President Joe Biden | Wikipedia Commons/Gage Skidmore
President Joe Biden | Wikipedia Commons/Gage Skidmore
The U.S. Department of Justice filed a lawsuit Friday against Georgia’s recently enacted voter integrity law, alleging it restricts voter access, according to a report by National Review.
The lawsuit is being filed despite numerous reports showing that President Biden’s home state of Delaware and other Northeastern states have more restrictive voting laws than does Georgia.
“Few states have more limited voting options than Delaware, a Democratic bastion that allowed little mail balloting before the COVID-19 pandemic hit,” wrote Russell Berman of The Atlantic.
Berman continued, “Biden has assailed Georgia’s new voting law as ‘Jim Crow in the 21st Century’ for the impact it could have on black citizens. But even once the GOP-passed measure takes effect, Georgia citizens will still have far more opportunities to vote before Election Day than their counterparts in the president’s home state, where one in three residents is black or Latino."
The new Georgia law institutes a voter ID requirement, which according to Heritage Action for America, 97% of registered Georgia voters either have or can easily obtain. According to a January Atlanta-Journal Constitution poll, 74% of Georgia voters support voter ID requirements.
The law also tightens ballot drop box security, forms stricter rules for absentee voting and enacts other voter integrity protections.
In April, state Rep.

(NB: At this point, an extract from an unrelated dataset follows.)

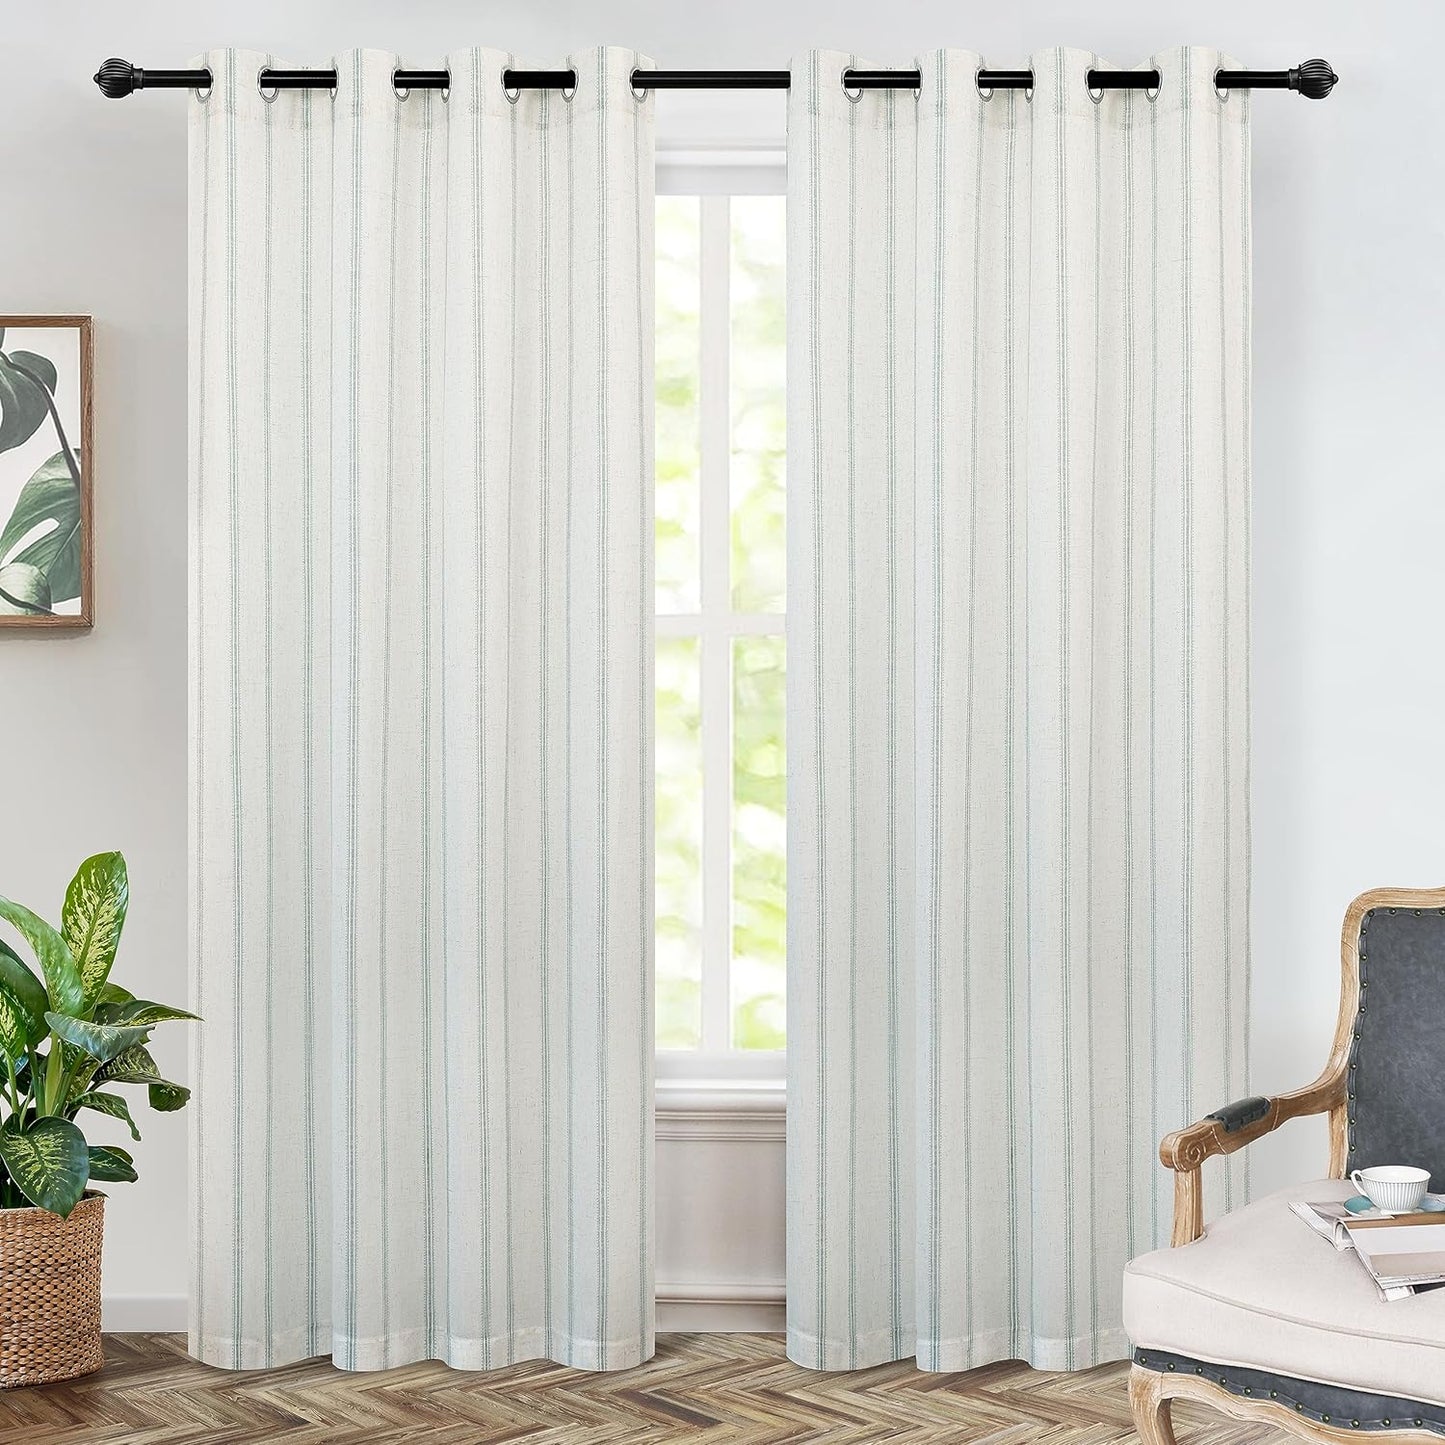 Driftaway Farmhouse Linen Blend Blackout Curtains 84 Inches Long for Bedroom Vertical Striped Printed Linen Curtains Thermal Insulated Grommet Lined Treatments for Living Room 2 Panels W52 X L84 Grey  DriftAway Light Jade Green 52"X84"

Wes Cantrell (R-Woodstock) compared Georgia’s voting law with Delaware’s by suggesting in a sarcastic announcement posted on his Facebook page that he would introduce legislation to make Georgia’s law more like Delaware’s.
He outlined five key areas of the law he would like to change:
"1. Instead of having up to 19 days of early voting in Georgia, we will have zero days of early voting just like Delaware.
"2. Instead of having no-excuse absentee voting in Georgia, you will have to have the excuse of being sick or disabled to vote absentee just like Delaware.
"3. Instead of having plenty of secure drop boxes in Georgia, there will be no drop boxes just like Delaware.
"4. Instead of being able to get drink/food from a non-poll worker outside of the 150-foot buffer and drink from a poll worker within the barrier in Georgia, it will be illegal to receive anything of value while standing in line to vote just like Delaware.
"5. Instead of being able to vote in relative quiet in Georgia, your name will be announced out loud (and your party affiliation during a primary) so that your vote can be challenged by anyone in the precinct just like Delaware."
“I have some advice for President Biden,” Cantrell added. “Take care of your own home state before you say a word about Georgia. People in glass houses shouldn’t be throwing stones.”